** DATA SEGMENT follows **

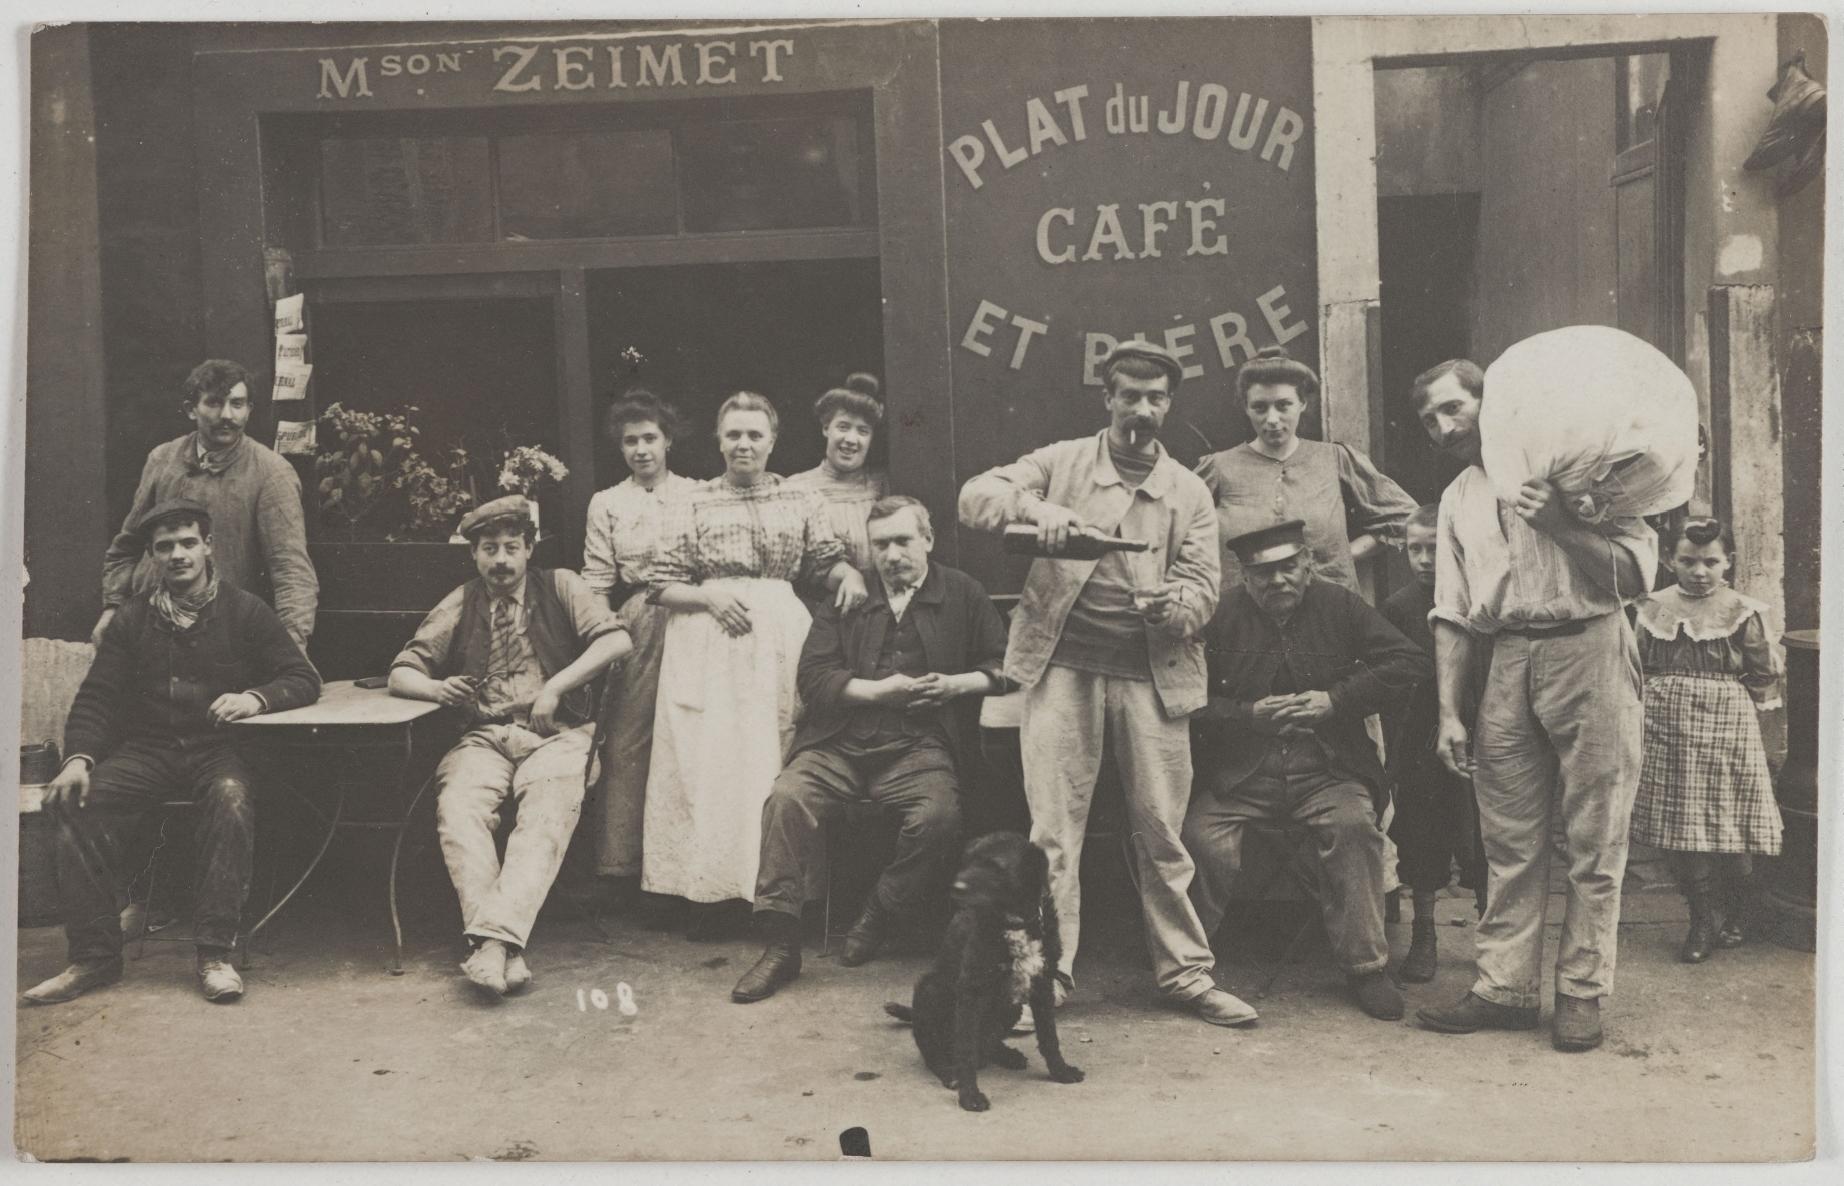 1910-1912. Кафе. Дом Зейме, 23, rue Chaudron (10-й округ). Сейчас на этом месте ничего действующего нет
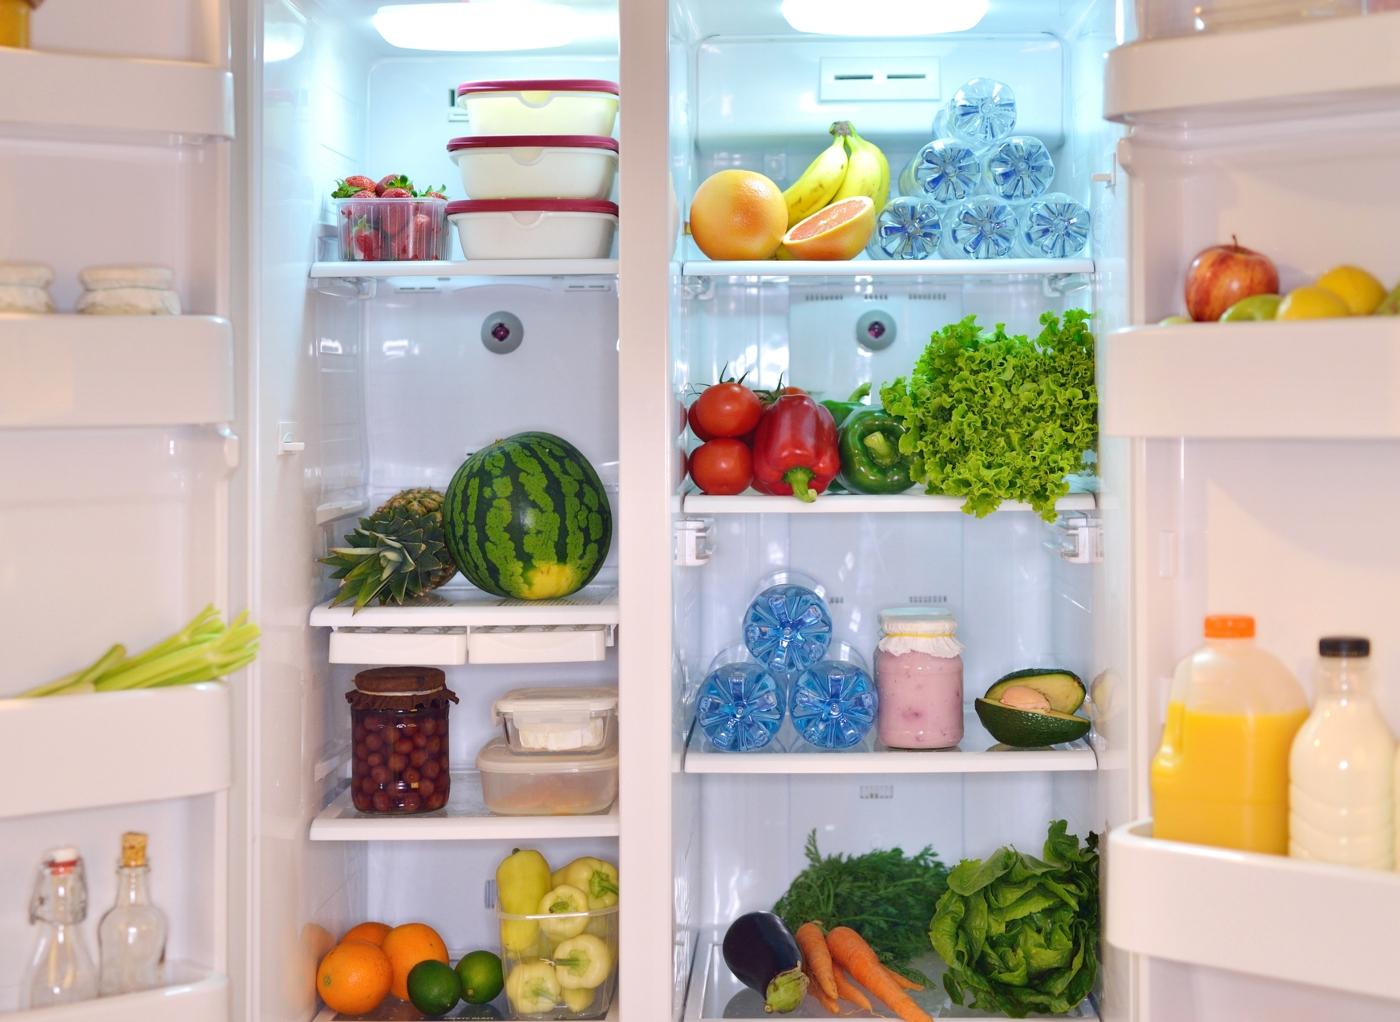 Variedade de alimentos no interior de um frigorífico
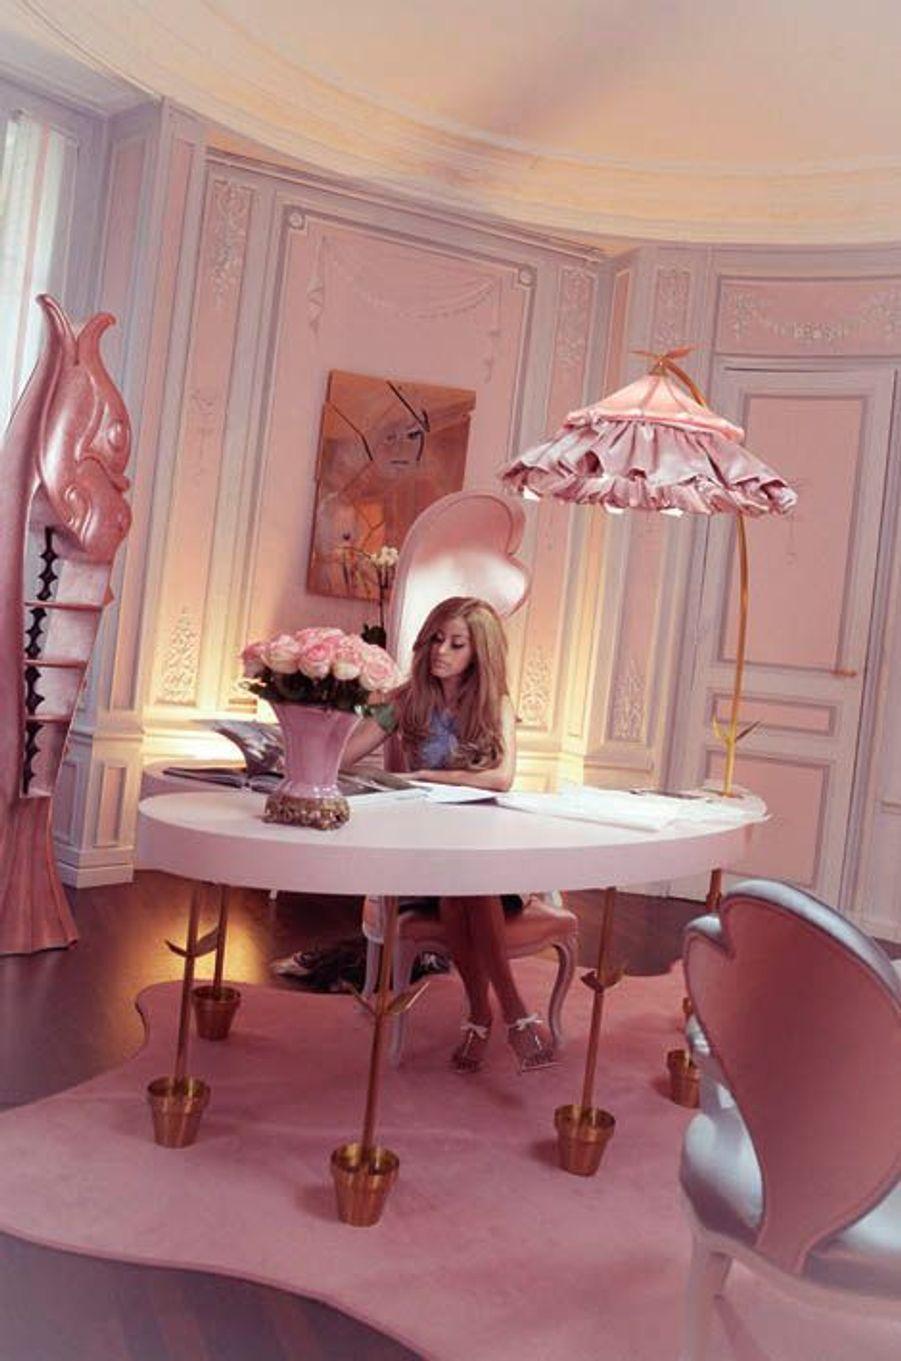 Le bureau parisien où elle a tout dessiné elle-même, du tapis aux dossiers des chaises. Du rose, des coeurs... Ses fétiches.

** End of DATA SEGMENT **

Would you return the material exactly, images excluded?

FINISHED TASK:
 1910-1912. Кафе. Дом Зейме, 23, rue Chaudron (10-й округ). Сейчас на этом месте ничего действующего нет
 Variedade de alimentos no interior de um frigorífico
 Le bureau parisien où elle a tout dessiné elle-même, du tapis aux dossiers des chaises. Du rose, des coeurs... Ses fétiches.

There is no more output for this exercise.